According to him, the clearest and most measurable impact of AI in his facility has not been in robotics, but in Human Resources. The department that has seen the greatest number of layoffs because of AI is HR. That fact is striking. It means that, in one of the most immediate and concrete ways, AI is not simply assisting human beings. It is replacing them.
AI is now sorting applications, screening candidates, qualifying prospects, and even conducting written or phone-based interviews with applicants. For now, most of these interviews are for entry-level jobs. Still, the speed of the displacement is startling.
The “common wisdom” was that AI would mostly affect manual, repetitive, low-skill work.

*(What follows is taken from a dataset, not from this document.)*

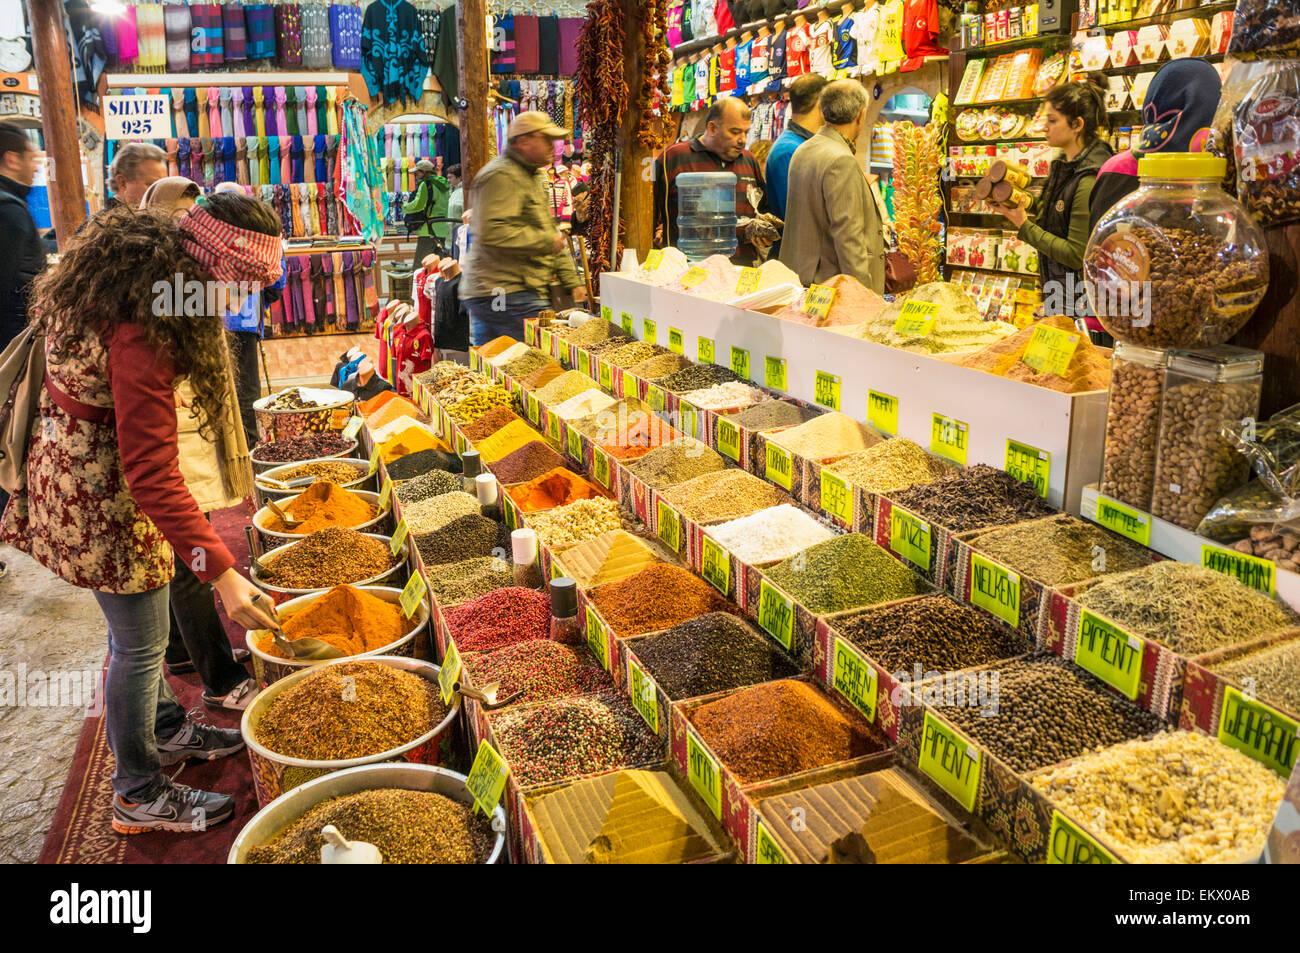 Shopping in the traditional spice market or Bazaar, Antalya old town, Antalya, Mediterranean Region, Turkey - Stock Image

Yet here it is moving first, and very aggressively, into administrative and relational roles once thought to require a distinctly human touch.
That is part of what makes AI so difficult to predict. It is not only changing work. It is scrambling our assumptions about which jobs are safe, which skills matter, and where human beings will remain indispensable. And that is precisely why ethical reflection can no longer remain an afterthought.
If AI is being deployed to eliminate jobs, it must also be used to prepare workers for the jobs that will emerge or be transformed. If corporations are serious about innovation, they cannot treat the workforce as collateral damage in a race for efficiency. Human beings are not transitional inconveniences on the road to higher productivity.
What disturbed me most in my friend’s account was his admission that his company, like many others, is implementing AI primarily as a revolutionary productivity tool, without serious reflection on the consequences for workers. That is not sustainable, and it is not morally serious. Something has to change.
A healthy perspective from a Catholic view is not only reasonable, but doable: technological progress cannot be judged only by what it makes faster, cheaper, or more efficient. It must also be judged by what it does to the human person. If AI is capable of producing exponentially more; then it should be capable of doing it without quietly discarding the people it was supposed to serve.